Les primates non humains ne sont pas les seuls animaux dont le passé peut être appréhendé par les techniques développées par l’archéologie. Même lorsqu’elles n’utilisent pas d’outils susceptibles de résister au temps, certaines espèces peuvent laisser des traces qui sont autant d’archives à déchiffrer.
Au début des années 1990, débarquant en Antarctique, Steven Emslie a ainsi immédiatement frappé par les monticules de cailloux amassés par les manchots Adélie dans les colonies abandonnées. “J’ai une formation en archéologie, j’ai donc examiné ces monticules comme le ferait un archéologue pour un site culturel, explique le chercheur, aujourd’hui professeur de biologie marine à l’université de Caroline du Nord (Wilmington). Je voulais savoir s’ils contenaient des os préservés et d’autres tissus qui pourraient être analysés au fil du temps, et cela s’est avéré exact. »
De là est né son projet de “paléohistoire des pingouins”, qui continue à ce jour – il est revenu il y a quelques jours d’une mission en Antarctique. L’objectif est d’utiliser diverses méthodes archéologiques pour décrire le passé de ces animaux et l’évolution de l’écosystème dans lequel ils vivaient.

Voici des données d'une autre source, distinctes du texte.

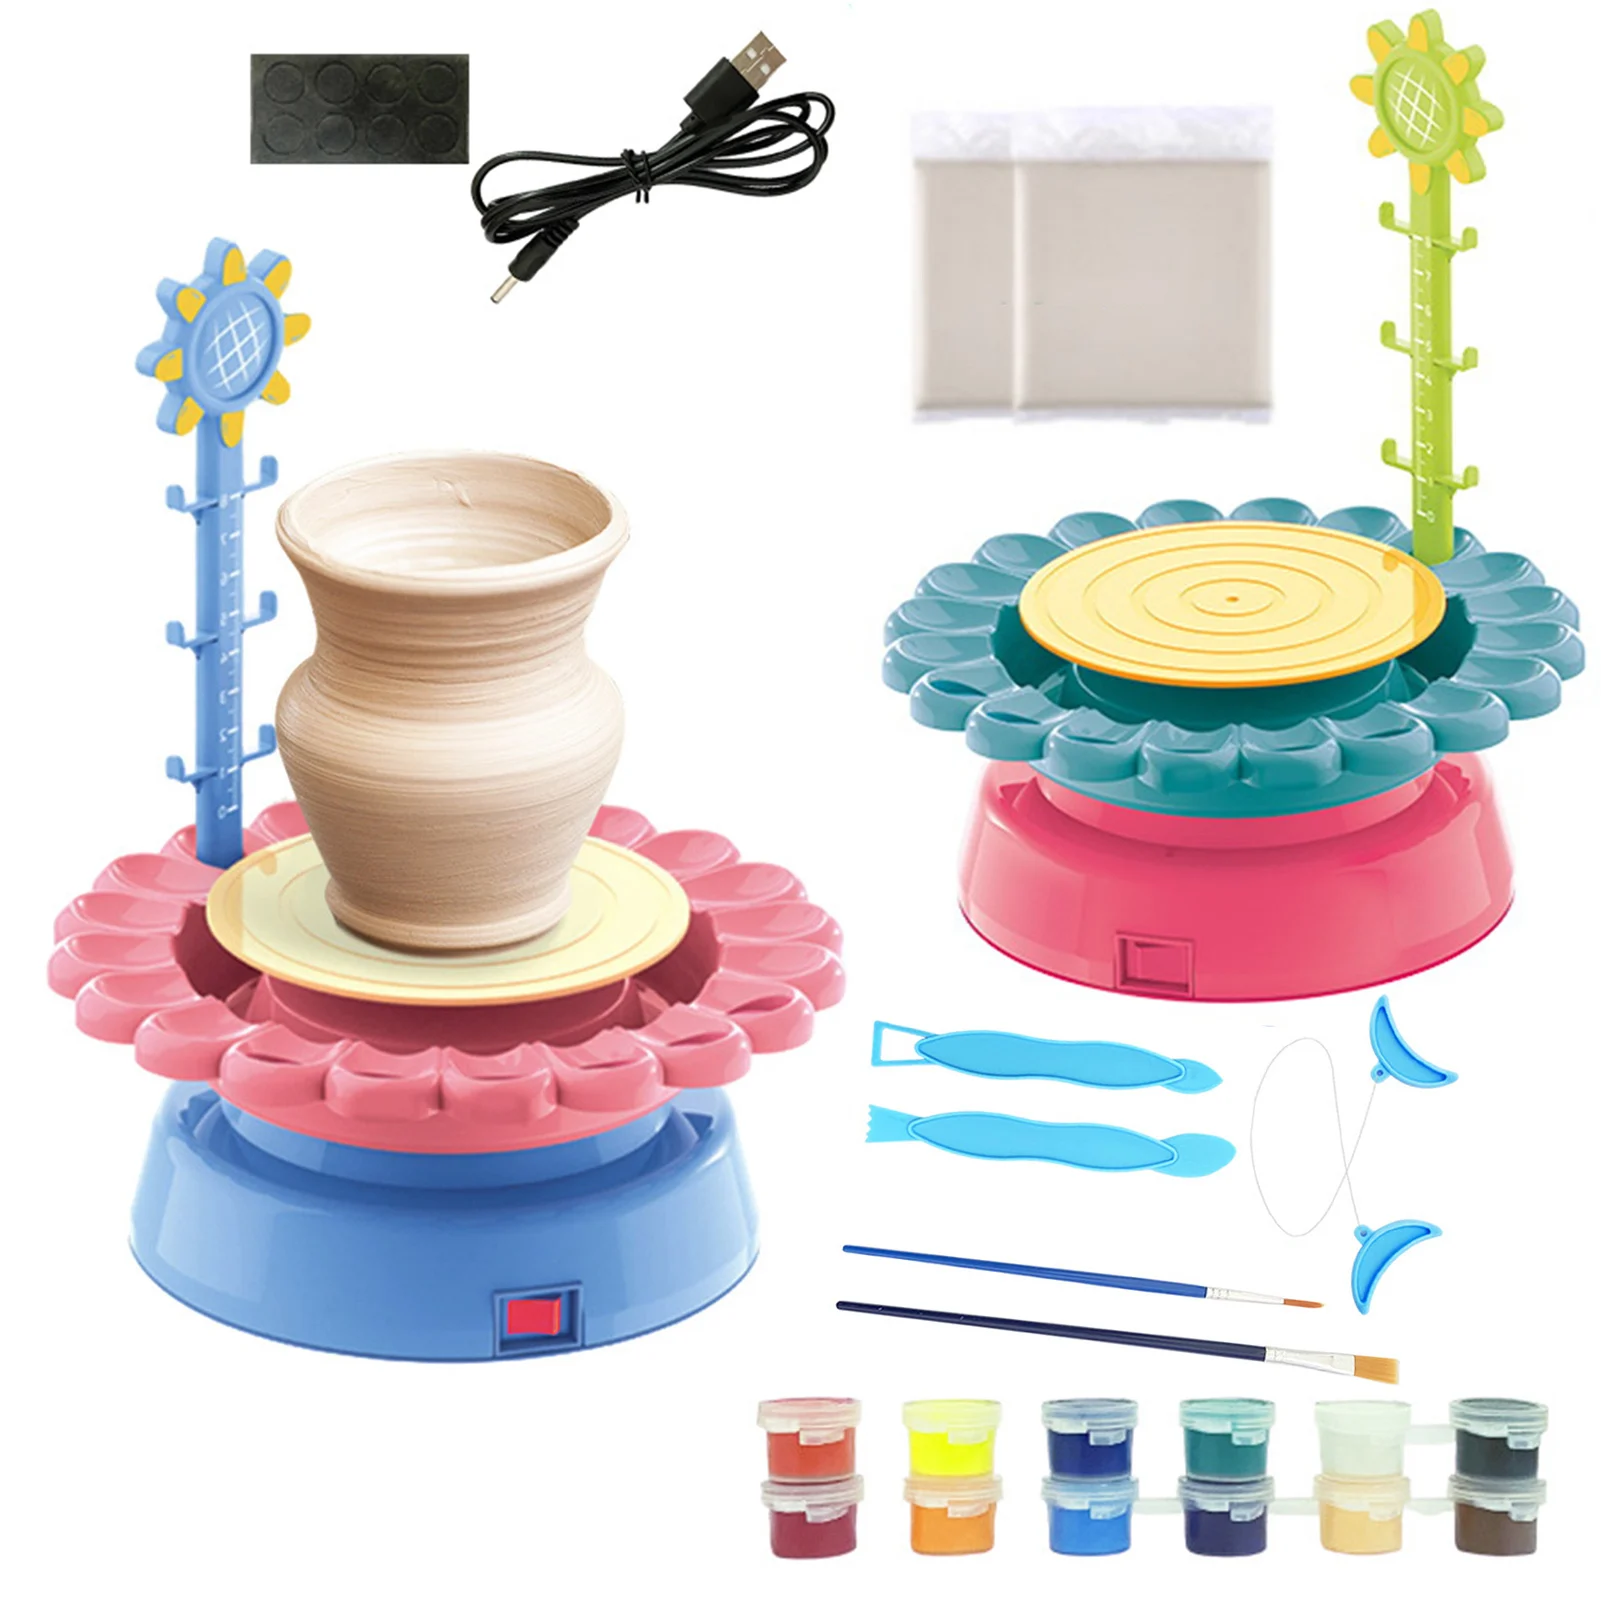 https://ae01.alicdn.com/kf/H5bd5bef9b0924acc8e66dbff00b1c9979/Electric-Pottery-Wheel-Art-Craft-Kit-Arts-And-Crafts-Kids-Toys-Pottery-Forming-Machine-Educational-Entertainment.jpg

Steven Emslie a “appliqué ces méthodes pour creuser dans les monticules et récupérer des restes organiques, y compris des proies de manchots, des arêtes de poisson, des otolithes et des” becs “de calmar. [Il] faire[t] faire appel à la datation au radiocarbone pour déterminer l’histoire de l’occupation passée par les manchots ». “J’utilise maintenant les tissus pour des analyses d’isotopes stables afin d’évaluer le régime alimentaire et les lieux d’alimentation dans le passé, en particulier la façon dont ces lieux ont changé avec le changement climatique”précise le chercheur, qui s’intéresse à deux autres espèces de manchots, le papou et le manchot à jugulaire, eux aussi momifiés au milieu du guano par les rigueurs antarctiques.
Changement alimentaire
Le premier à avoir eu la prescience de l’intérêt de ces archives naturelles figées fut peut-être le météorologue belge Louis Bernacchi. Le 17 février 1899, alors qu’il s’apprête à participer à son premier hivernage sur le continent antarctique, il est frappé par les milliers de cadavres de jeunes manchots tués par un coup de froid sur le cap Adare, à l’entrée de la mer de Ross, qui abrite toujours la plus grande colonie de manchots Adélie. “Dans des milliers d’années, si cette espèce devait disparaître, ces restes gelés et couverts de débris seront la preuve de ce qui existait autrefois dans ces régions gelées”écrit-il dans son journal.